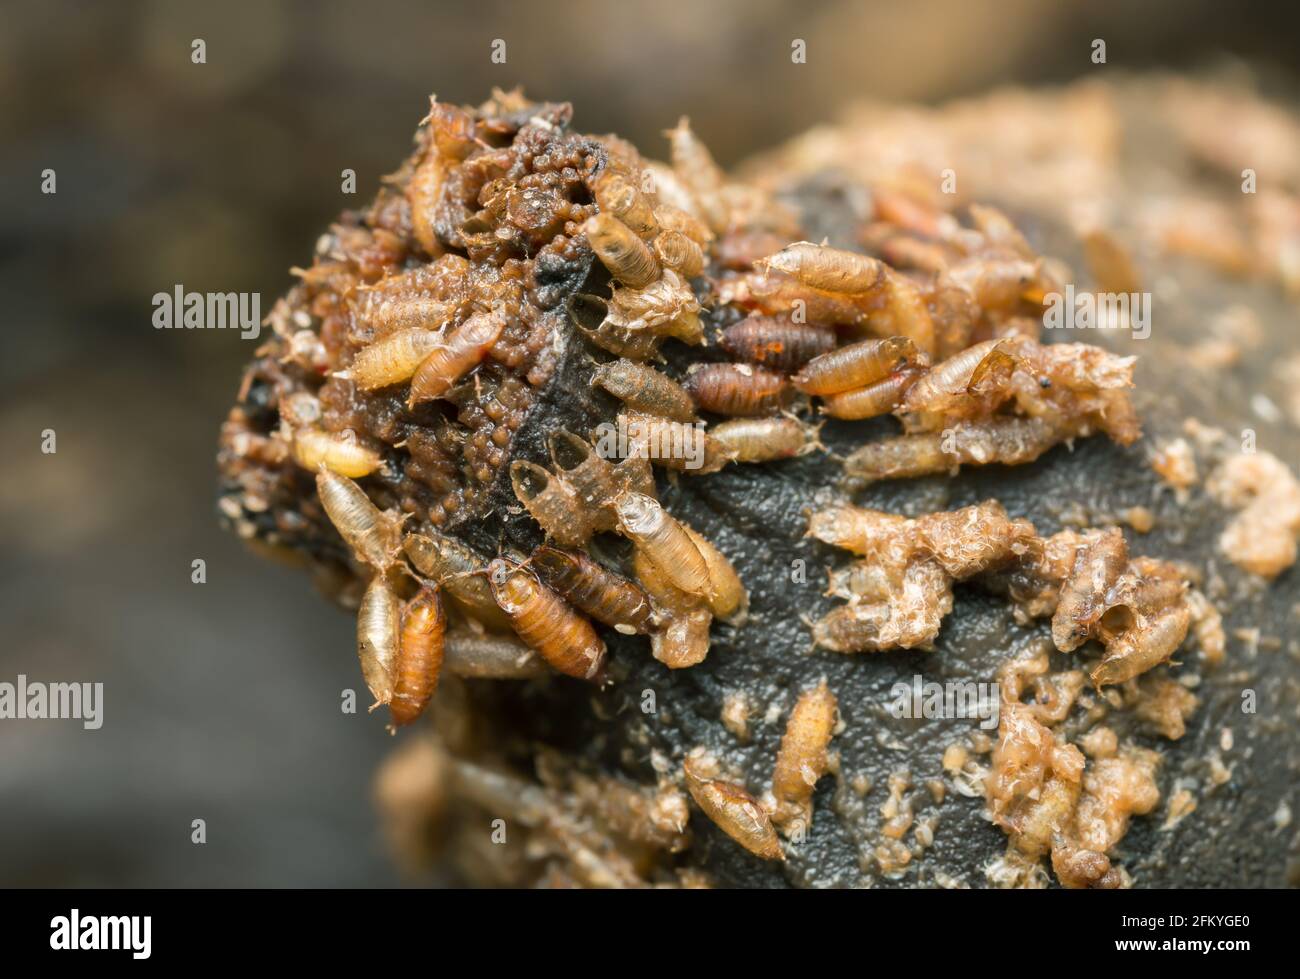 Les larves et les pupes dans la banane de la mouche commune des fruits, Drosophila melanogaster Banque D'Images
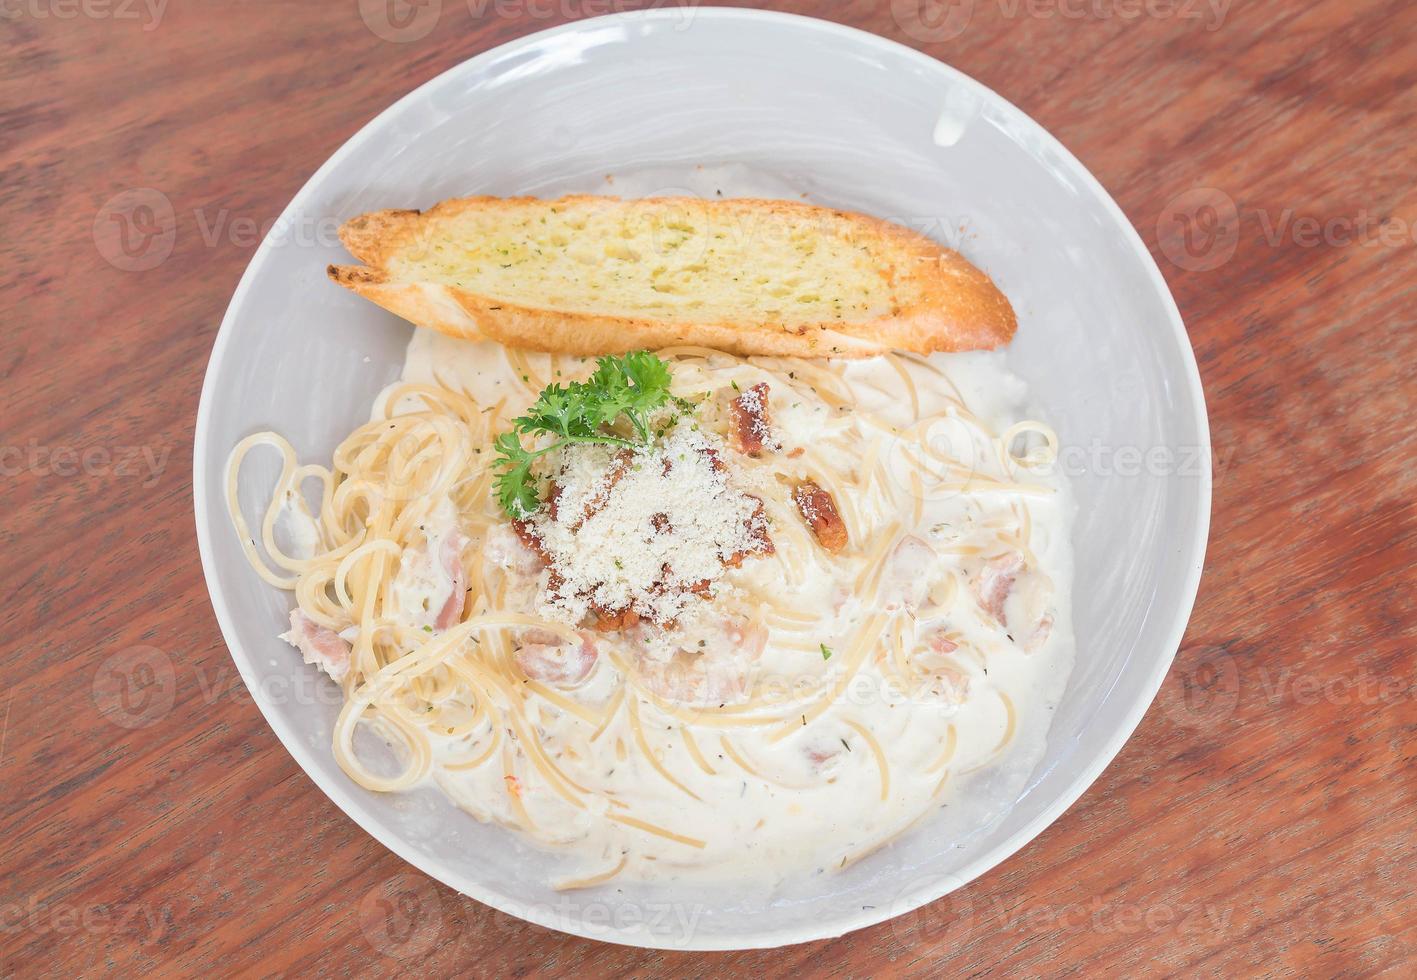 Spaghetti Carbonara auf Teller - italienisches Essen foto
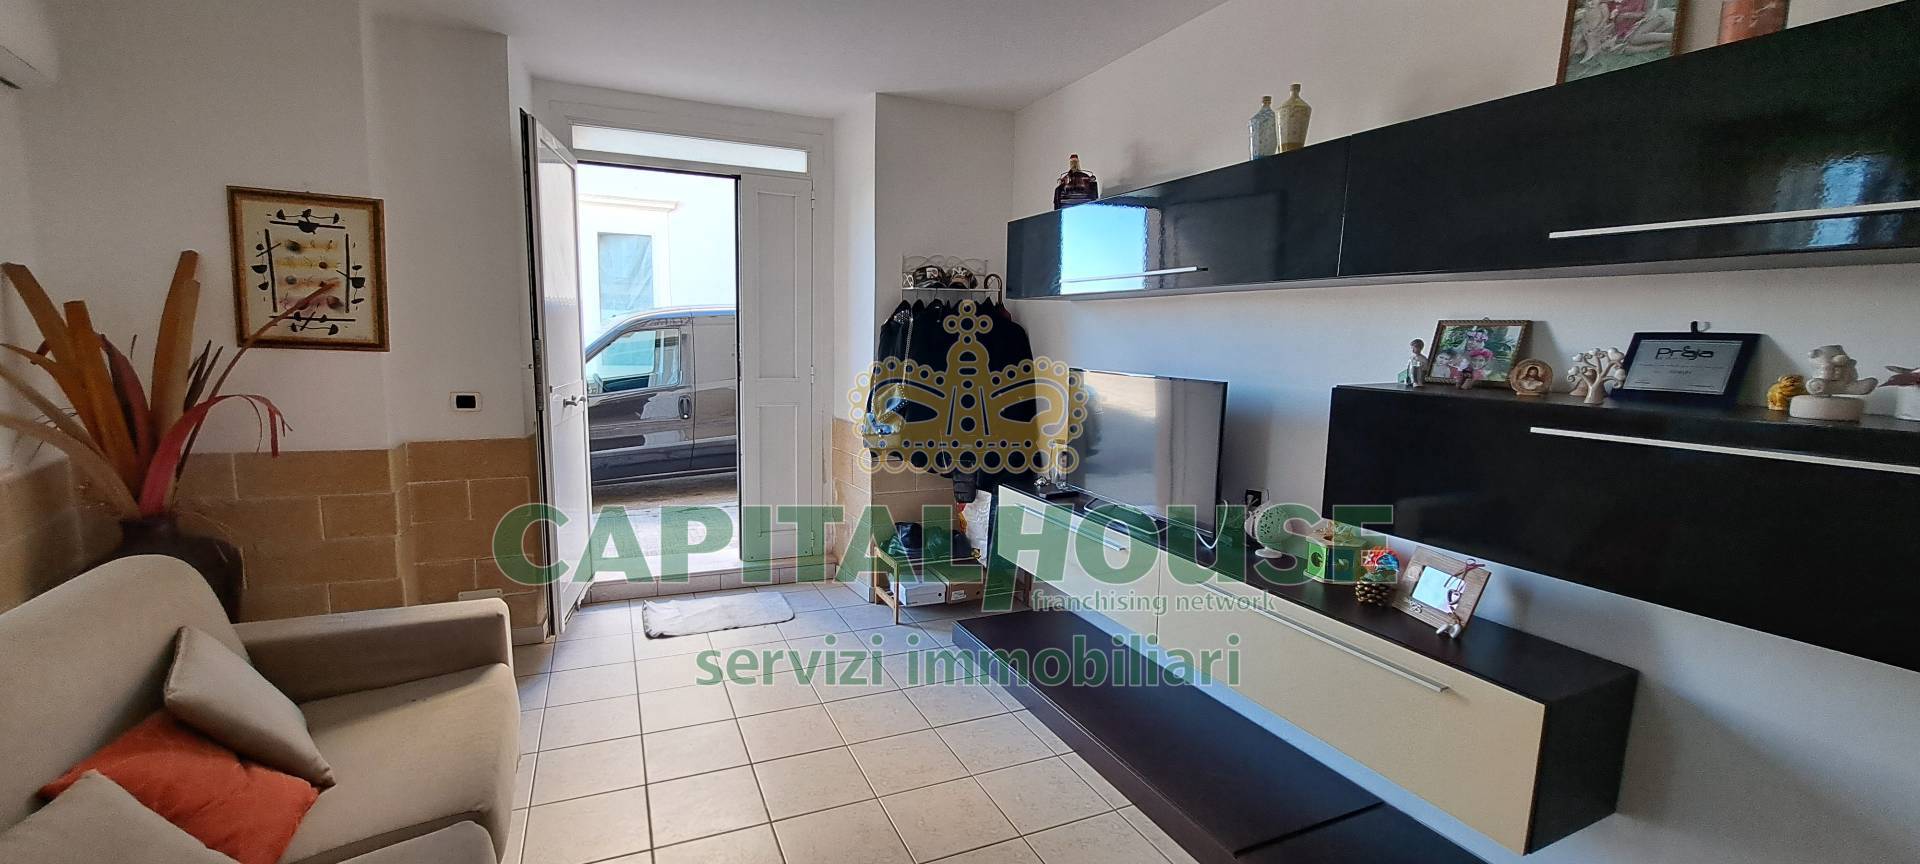 Appartamento in vendita a Gallipoli, 2 locali, zona Località: Centro, prezzo € 130.000 | PortaleAgenzieImmobiliari.it
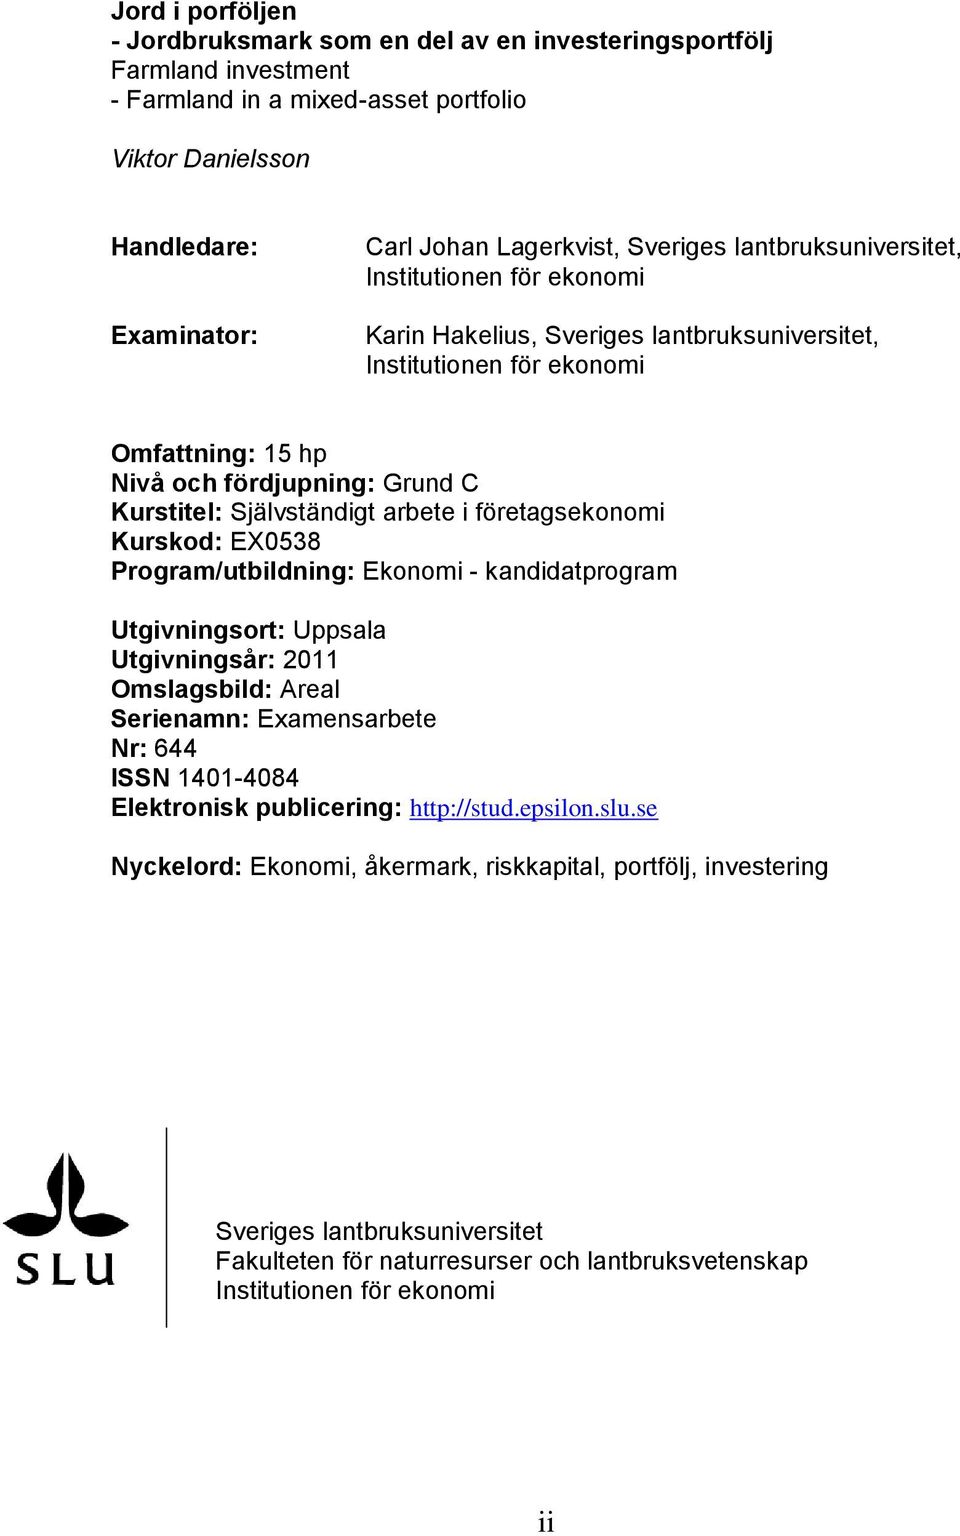 Självständigt arbete i företagsekonomi Kurskod: EX0538 Program/utbildning: Ekonomi - kandidatprogram Utgivningsort: Uppsala Utgivningsår: 2011 Omslagsbild: Areal Serienamn: Examensarbete Nr: 644 ISSN

▶ **EXERCISE DETAILS**: Would you restate word for word only the lines from the one containing "Appartamento in vendita" to the final line of the material, both ends included, without any pictures?

▶ **RESPONSE AREA**:
 Appartamento in vendita a Gallipoli, 2 locali, zona Località: Centro, prezzo € 130.000 | PortaleAgenzieImmobiliari.it
 Självständigt arbete i företagsekonomi Kurskod: EX0538 Program/utbildning: Ekonomi - kandidatprogram Utgivningsort: Uppsala Utgivningsår: 2011 Omslagsbild: Areal Serienamn: Examensarbete Nr: 644 ISSN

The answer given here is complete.